#### Exercise data:

*****

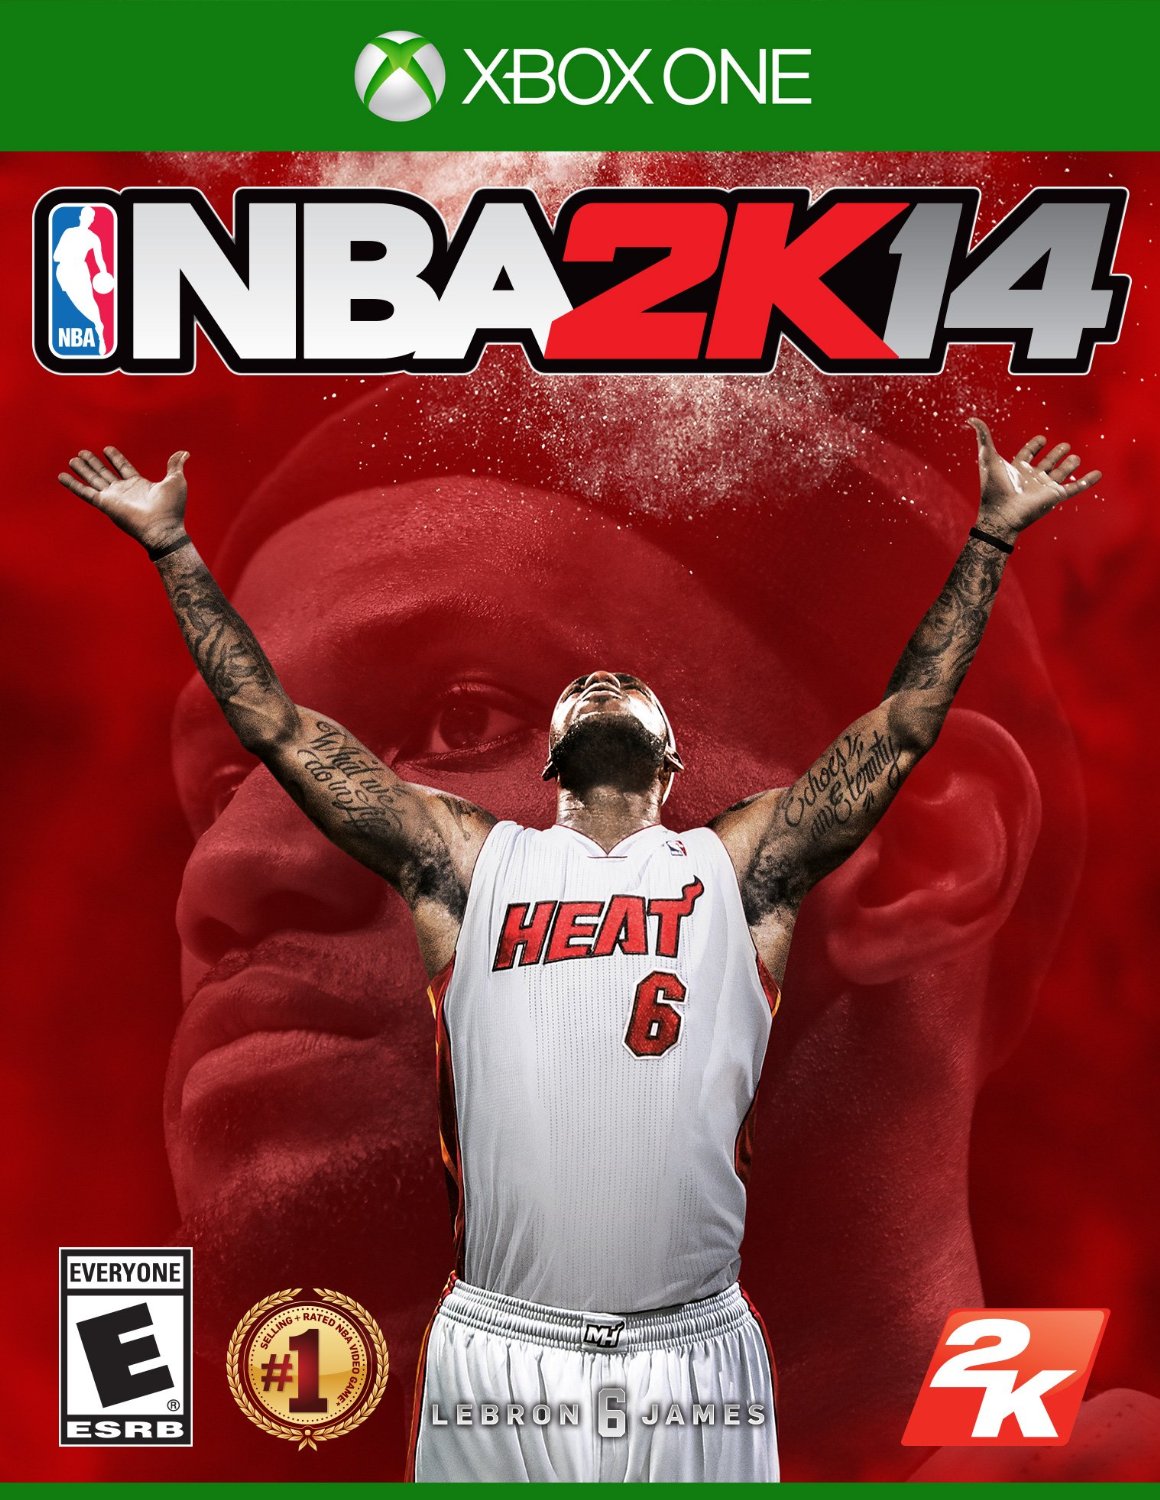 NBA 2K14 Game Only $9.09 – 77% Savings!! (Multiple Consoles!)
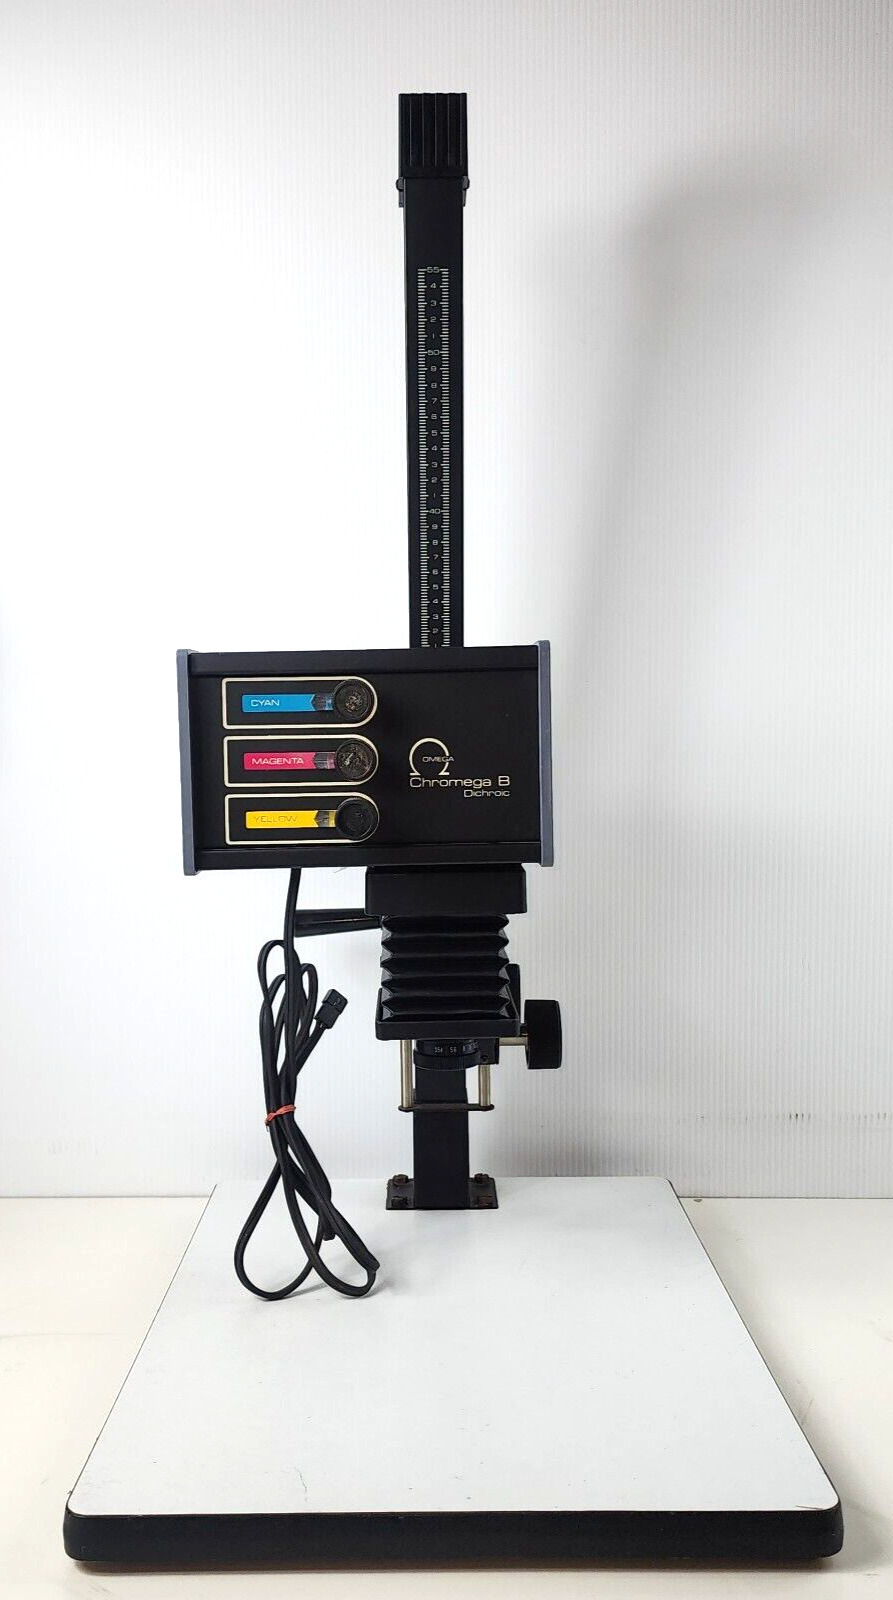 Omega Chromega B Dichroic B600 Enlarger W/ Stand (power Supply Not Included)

*****

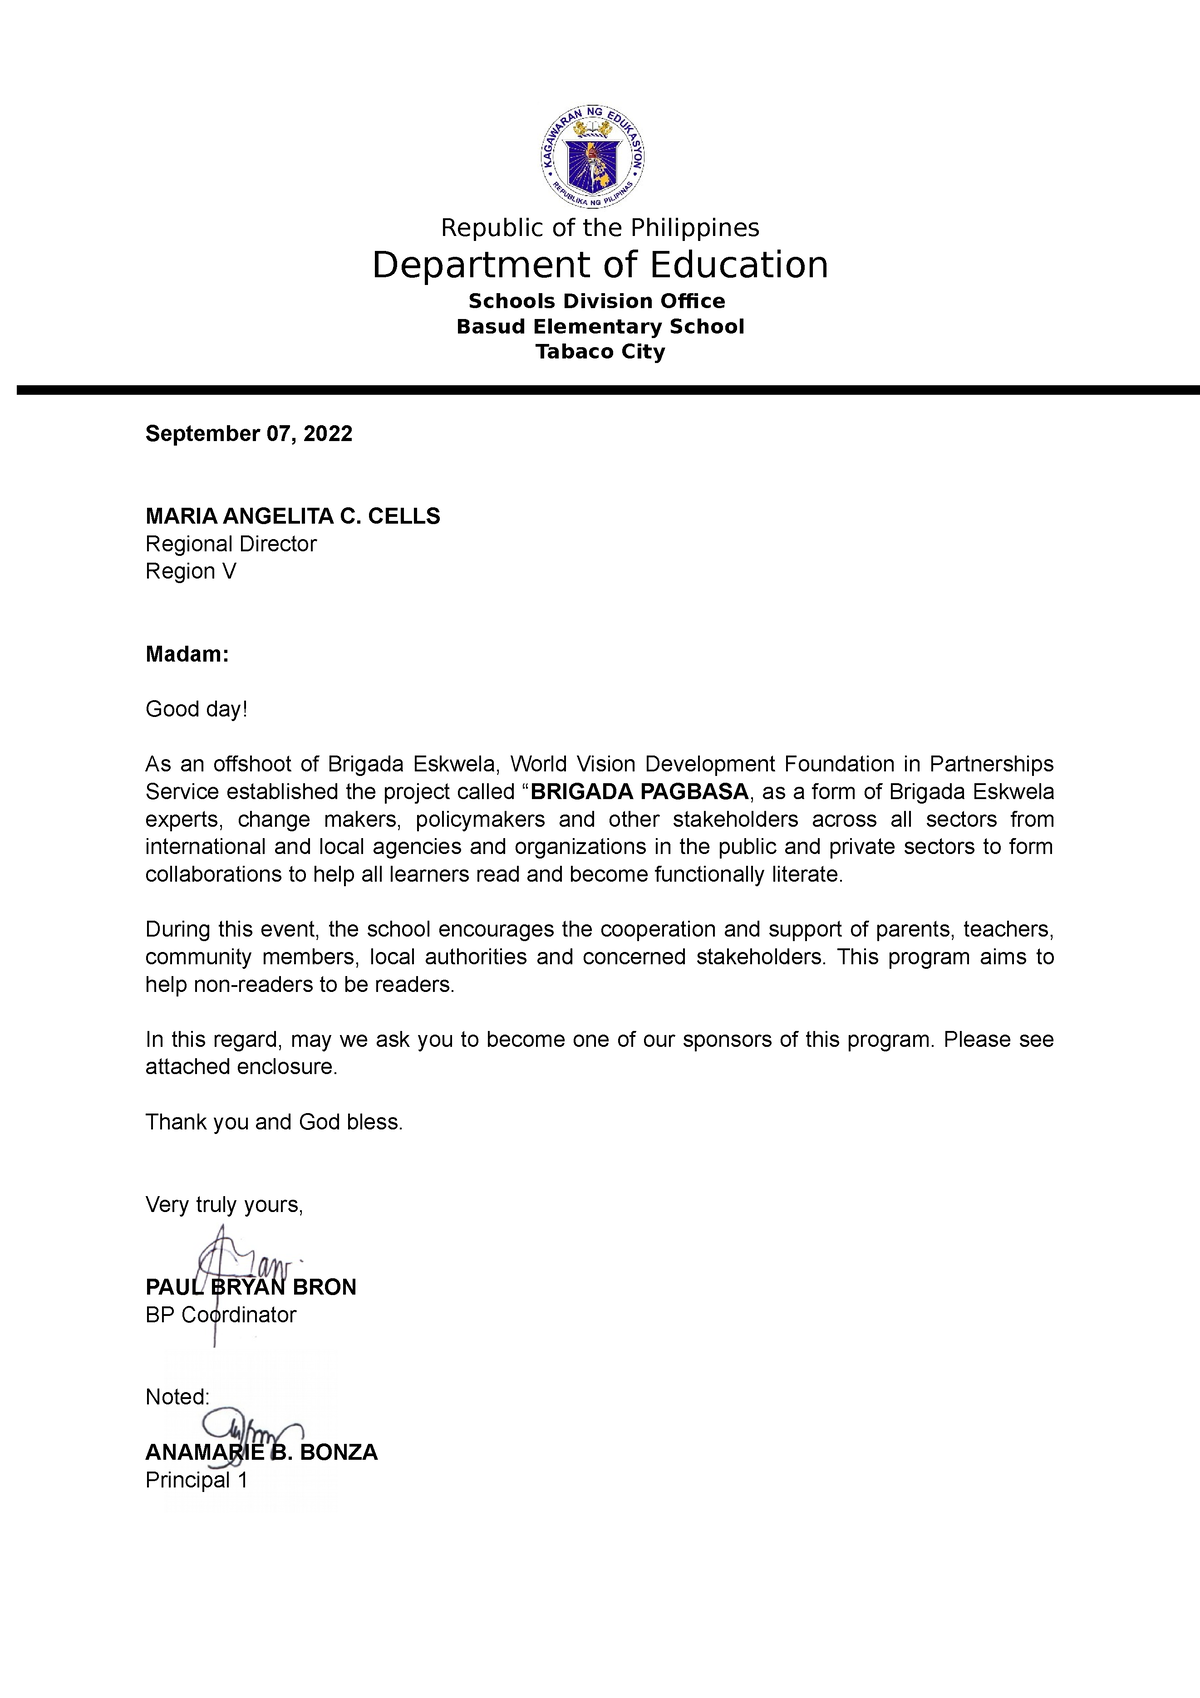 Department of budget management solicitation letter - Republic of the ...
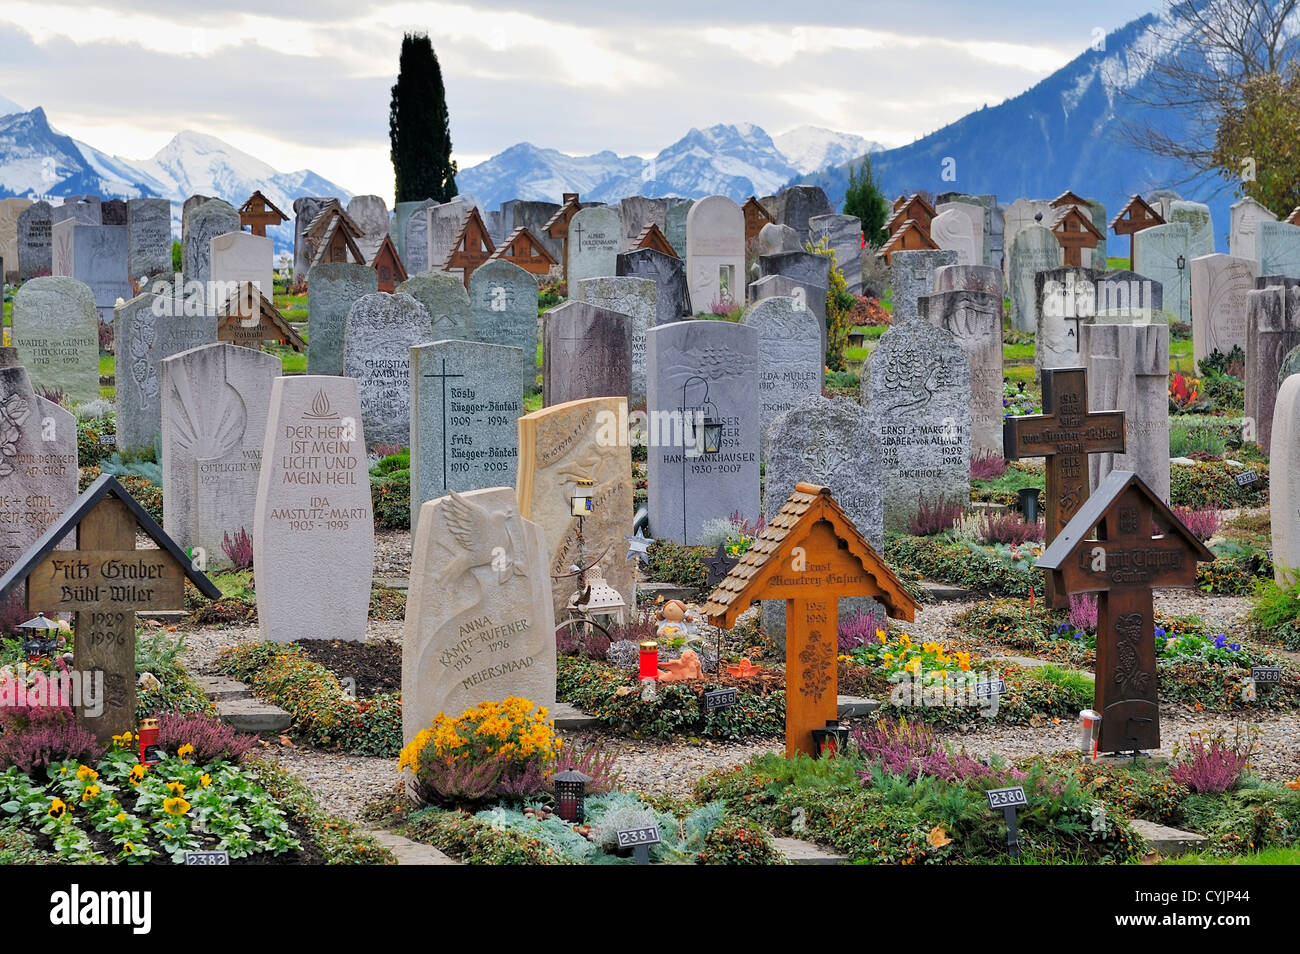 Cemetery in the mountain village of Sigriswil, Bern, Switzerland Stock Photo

*****

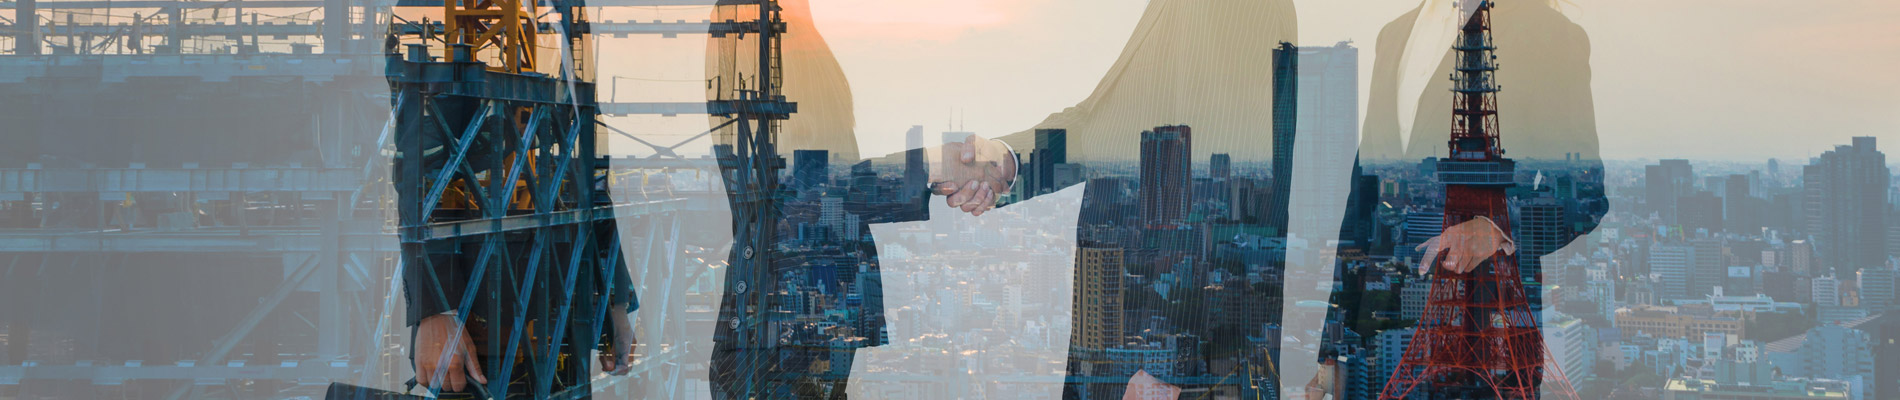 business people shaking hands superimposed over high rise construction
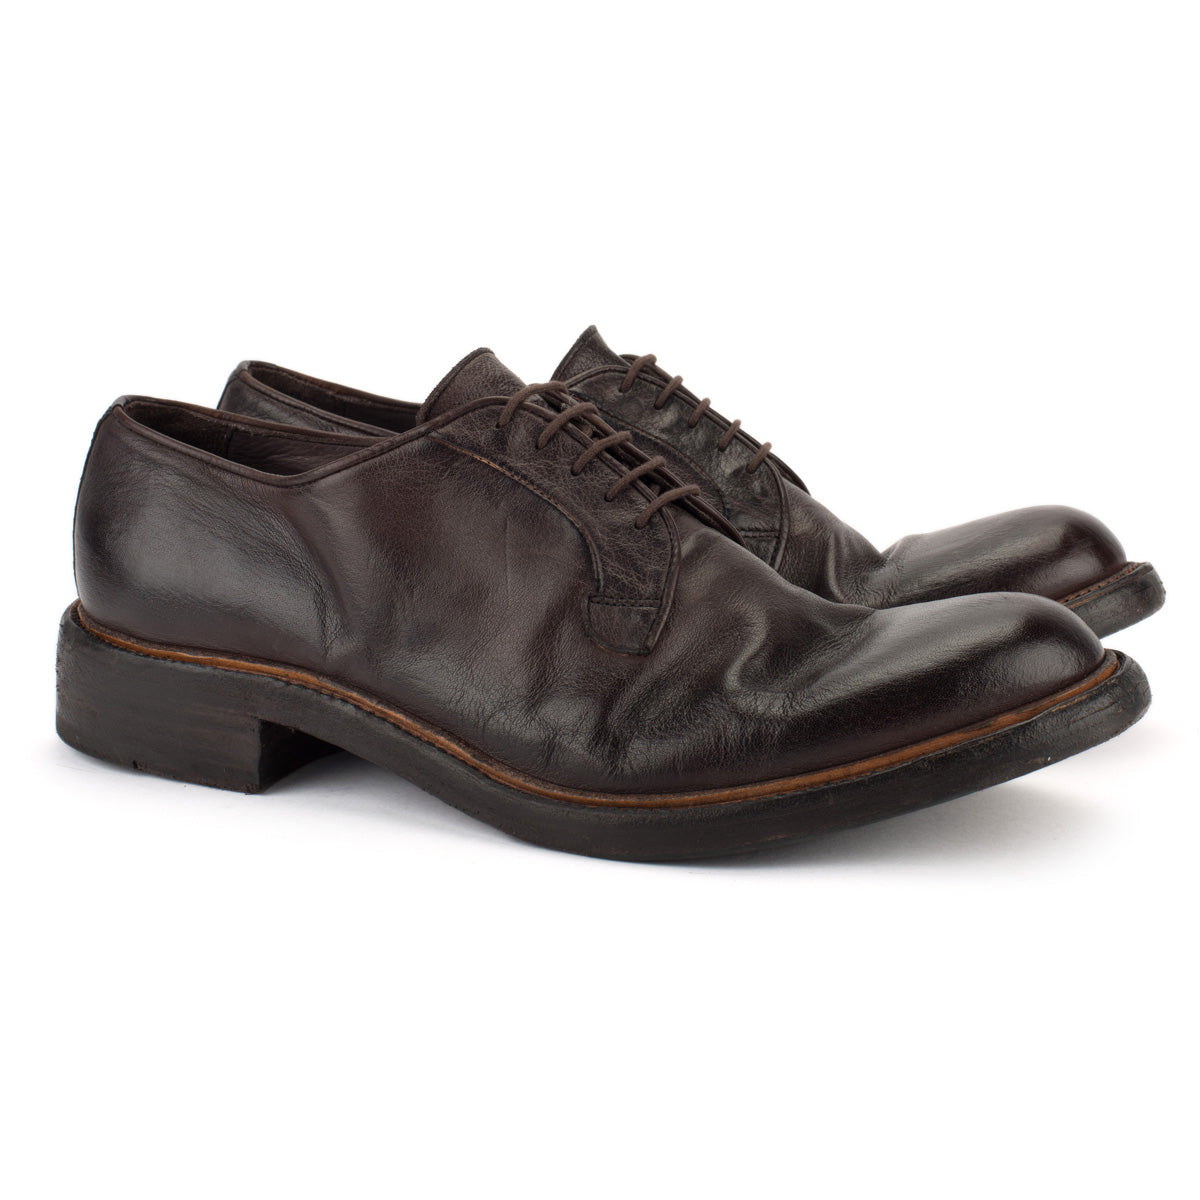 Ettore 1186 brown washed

*****

#### Work to be completed:
From the records above, copy only the lines running from the line holding "Department of budget" through the line holding "Cemetery in the", with no pictures.

#### Worked solution:
 Department of budget management solicitation letter - Republic of the ...
 Cemetery in the mountain village of Sigriswil, Bern, Switzerland Stock Photo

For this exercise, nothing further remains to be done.